下面是一个强化学习案例代码,目标是让模型遵照格式正确回答数学题:

import re
import pytrio as trio
import numpy as np

# 1. 与TRIO建立连接
service_client = trio.ServiceClient()

# 2. 创建1个训练客户端
base_model = "Qwen/Qwen3-4B-Instruct-2507"
training_client = service_client.create_lora_training_client(
    base_model=base_model,
    rank=32,
)

# 3. 数据集-让LLM做简单数学题
dataset = [
    ("What is 2 + 3?", 5),
    ("What is 7 - 4?", 3),
    ("What is 6 * 8?", 48),
    ("What is 12 / 3?", 4),
    ("Solve for x: x + 5 = 9", 4),
    ("Solve for x: 2x = 10", 5),
    ("What is 3 squared?", 9),
    ("What is the square root of 81?", 9),
    ("What is 15 + 27?", 42),
    ("What is 100 - 58?", 42),
]

eval_dataset = [
    ("Solve for x: x + 7 = 12", 5),
    ("What is 9 * 7?", 63),
    ("What is 81 / 9?", 9),
    ("What is 14 + 28?", 42),
]

# 4. 获取Tokenizer
print("Loading tokenizer...")
tokenizer = training_client.get_tokenizer()
print("Tokenizer finish")

# 6. 从模型输出中解析数字答案
def parse_number(text: str):
    match = re.fullmatch(r"-?\d+(?:\.\d+)?", text.strip())
    return float(match.group()) if match else None

# 7. 奖励函数
def compute_reward(text: str, gold: float) -> float:
    pred = parse_number(text)
    if pred is None:
        return -1.0
    if abs(pred - gold) < 1e-6:
        return 2.0
    return -0.5

# 8. 转成numpy数组,方便后面统计loss
def to_np(x):
    return np.array(x.tolist() if hasattr(x, "tolist") else x, dtype=float)

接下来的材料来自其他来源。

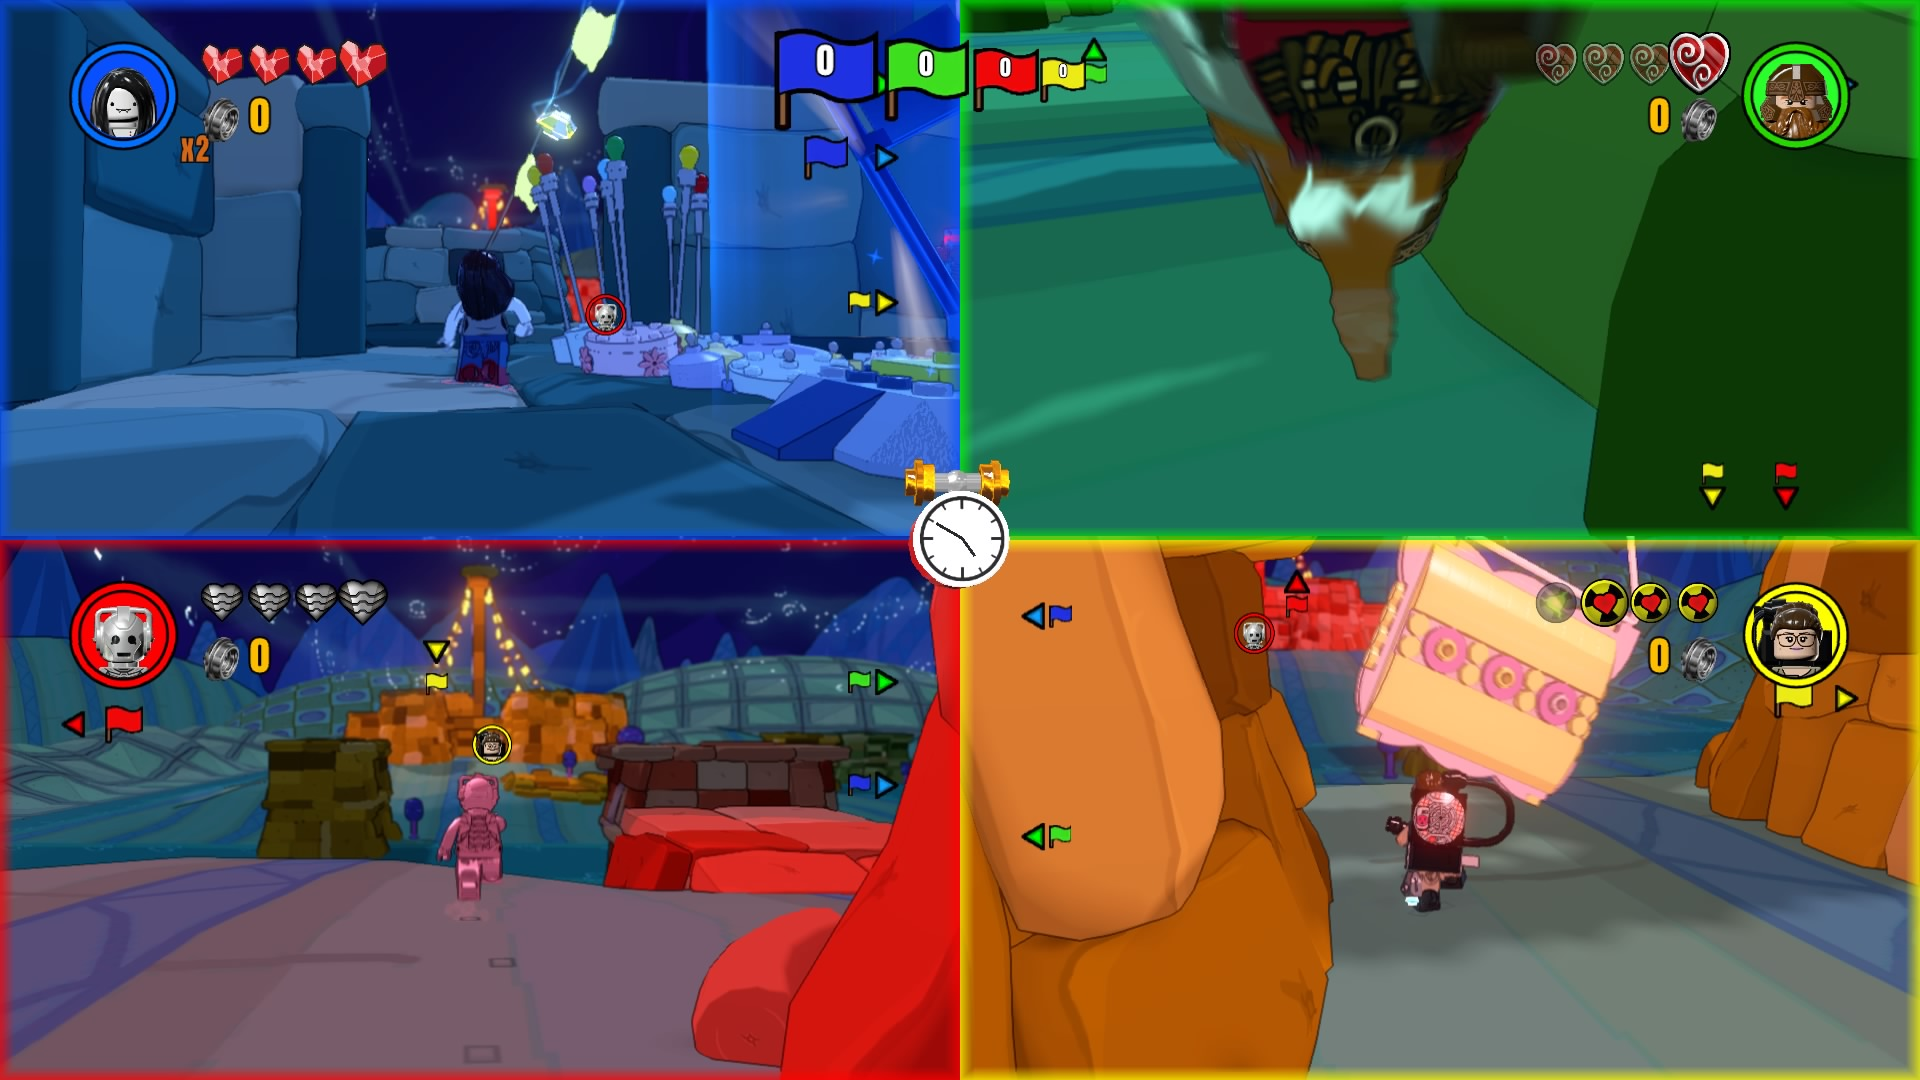 Adventure Time Ukulele - Neatorama

# 9. 把一次采样结果处理成trio训练需要的Datum格式
def process_rollout(prompt_tokens, completion_tokens, completion_logprobs, reward_value):
    tokens = prompt_tokens + completion_tokens

    prompt_weights = [0] * len(prompt_tokens)
    completion_weights = [1] * len(completion_tokens)
    weights = prompt_weights + completion_weights

    old_logprobs = ([0.0] * len(prompt_tokens) + list(completion_logprobs))[:len(tokens)]
    old_logprobs += [0.0] * (len(tokens) - len(old_logprobs))

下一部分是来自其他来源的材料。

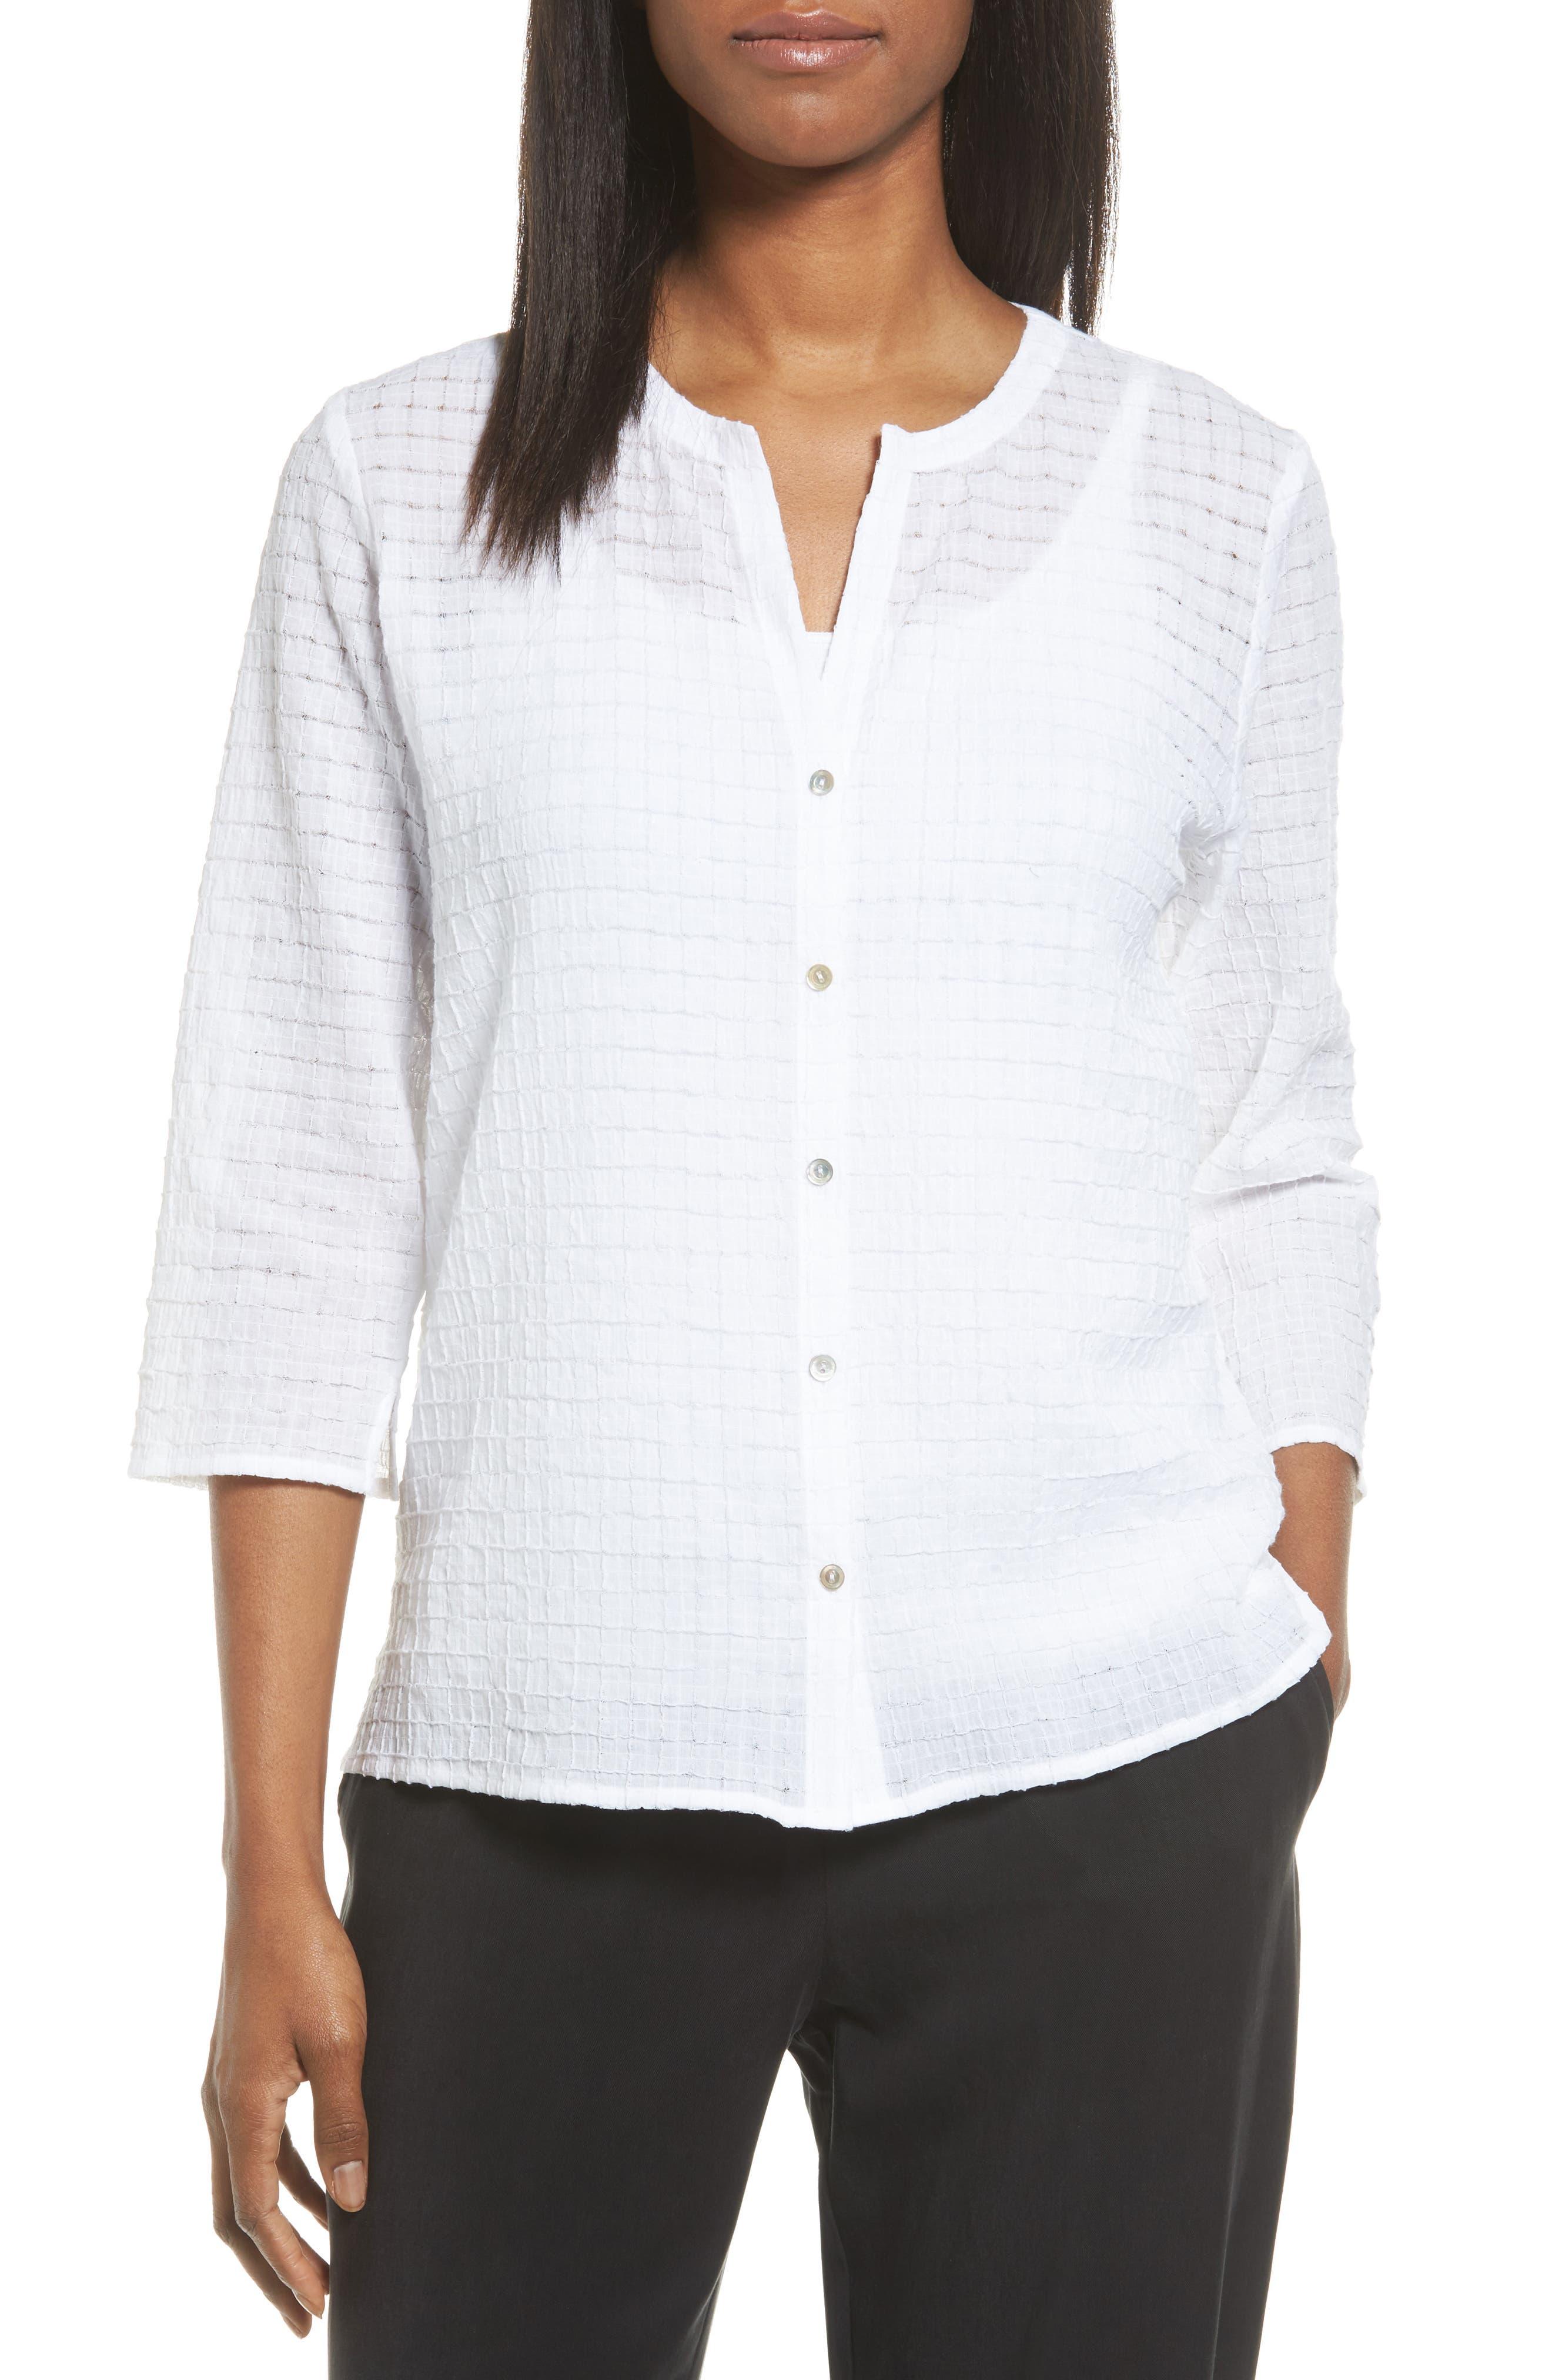 Eileen Fisher Check Textured Blouse (Regular & Petite)

    input_tokens = tokens[:-1]
    target_tokens = tokens[1:]
    weights = weights[1:]
    old_logprobs = old_logprobs[1:]
    advantages = [reward_value] * (len(tokens) - 1)

    return trio.Datum(
        model_input=trio.ModelInput.from_ints(tokens=input_tokens),
        loss_fn_inputs=dict(
            weights=weights,
            target_tokens=target_tokens,
            logprobs=old_logprobs,
            advantages=advantages,
        ),
    )

# 11. RL训练
print("Start RL Training")

for iter in range(15):
    sampler = training_client.save_weights_and_get_sampling_client(name=f"rl-math-sampler-iter{iter}")
    processed_examples = []
    rewards = []
    correct = 0
    total = 0

    for question, gold in dataset:
        prompt_tokens = tokenizer.encode(f"Question: {question}\nReturn only the final numeric answer.\nAnswer:", add_special_tokens=True)

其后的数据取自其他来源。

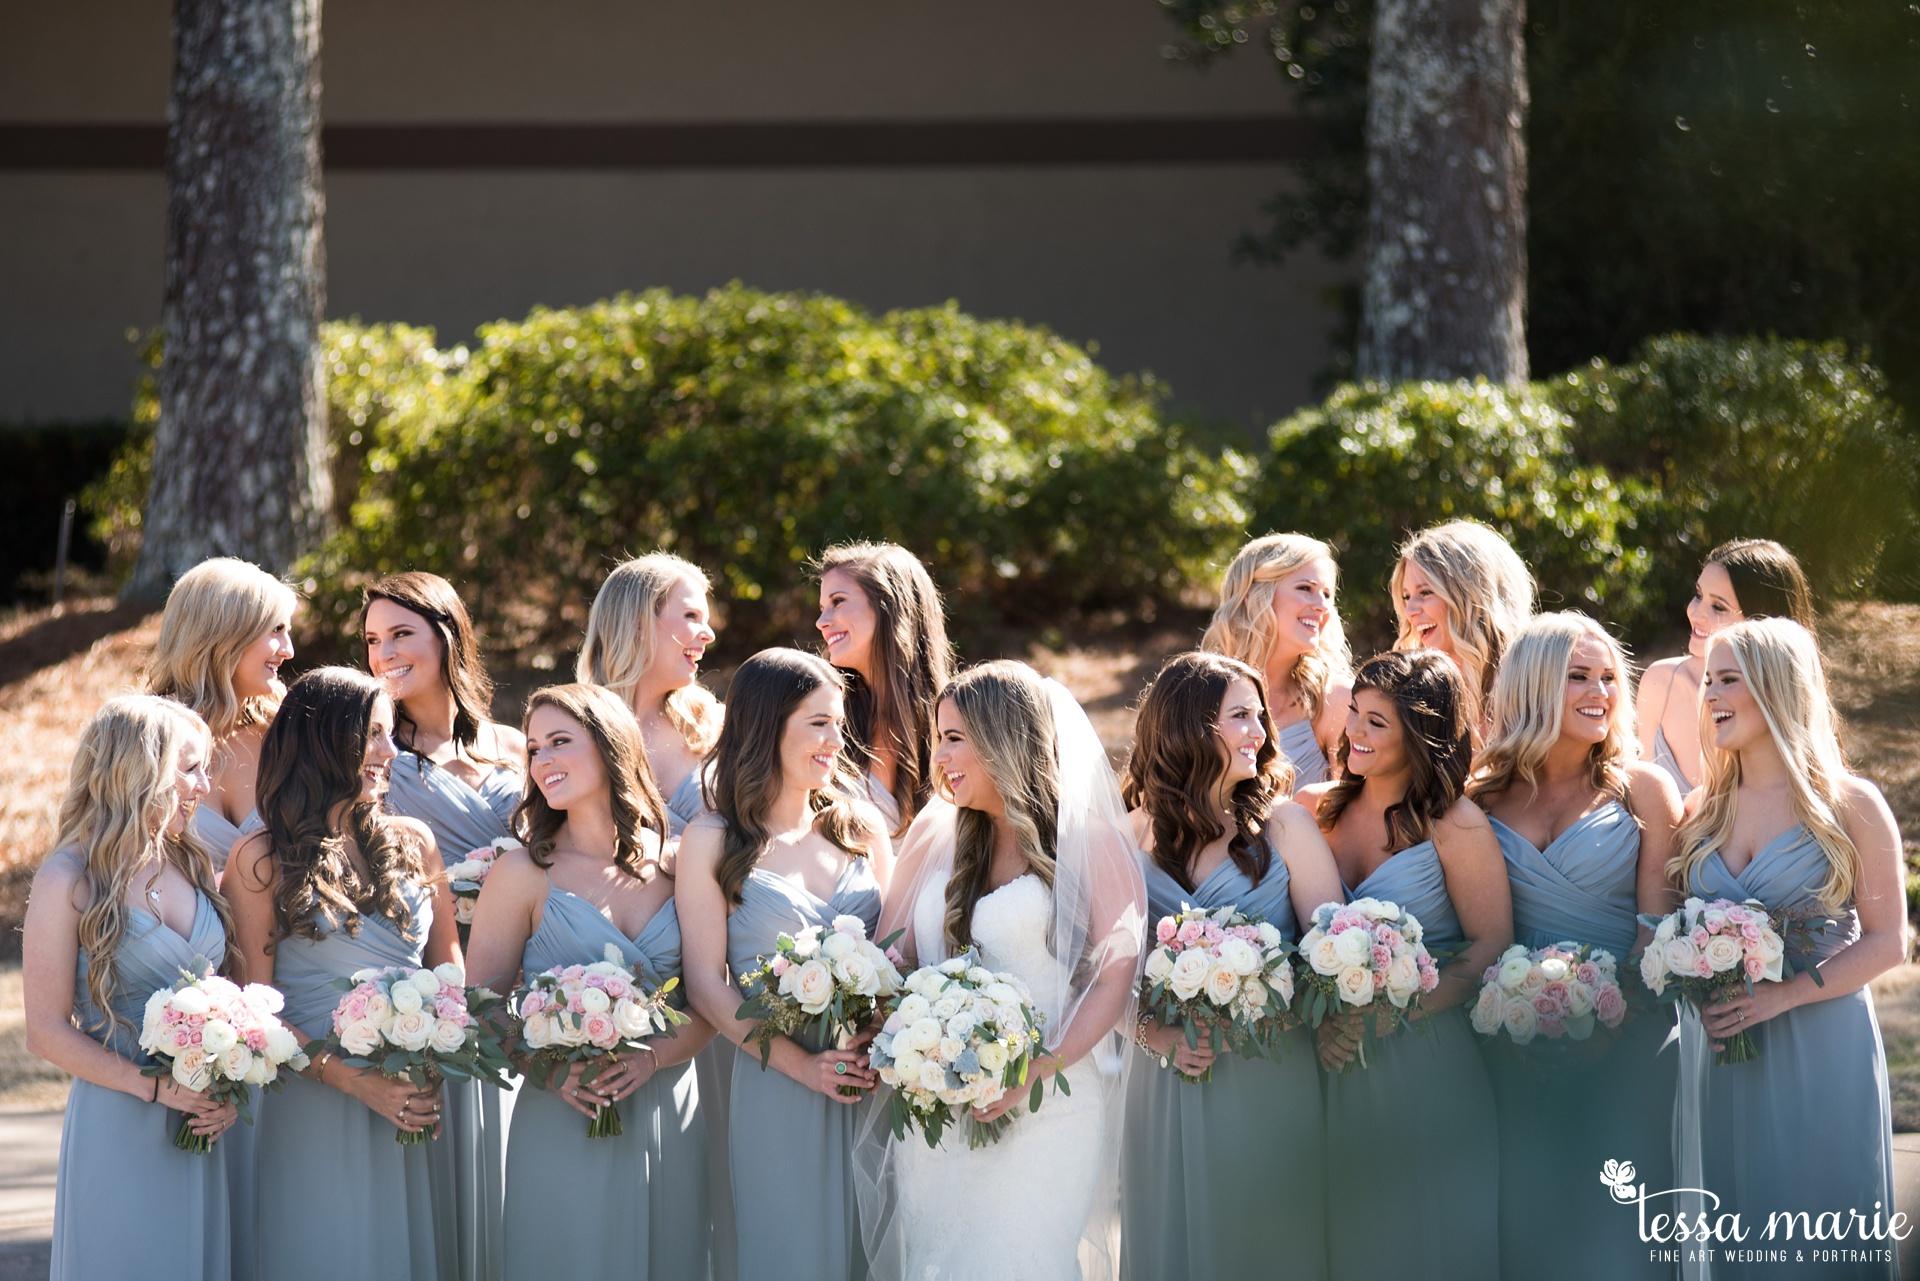 tessa_marie_legacy_moments_storytelling_candid_emotionally_driven_wedding_photographer_atlanta_wedding_photography_st_ives_country_club_wedding_boukates_bridals_by_lori_0018

        future_sample = sampler.sample(
            prompt=trio.ModelInput.from_ints(prompt_tokens),
            sampling_params=trio.SamplingParams(max_tokens=8, temperature=0.7),
            num_samples=4,
        )
        sample_result = future_sample.result()

        for sequence in sample_result.sequences:
            reward_value = compute_reward(sequence.text, float(gold))
            pred = parse_number(sequence.text)

            rewards.append(reward_value)
            total += 1
            correct += pred is not None and abs(pred - gold) < 1e-6

            completion_tokens = tokenizer.encode(sequence.text, add_special_tokens=False)

            if completion_tokens:
                processed_examples.append(
                    process_rollout(
                        prompt_tokens=prompt_tokens,
                        completion_tokens=completion_tokens,
                        completion_logprobs=sequence.logprobs,
                        reward_value=reward_value,
                    )
                )

    print(
        f"Iter{iter+1} | Reward: {np.mean(rewards):.4f} | "
        f"Acc: {correct / max(total, 1):.4f} | Samples: {len(processed_examples)}"
    )

    fwdbwd_future = training_client.forward_backward(processed_examples, "importance_sampling")
    optim_future = training_client.optim_step(trio.AdamParams(learning_rate=1e-5))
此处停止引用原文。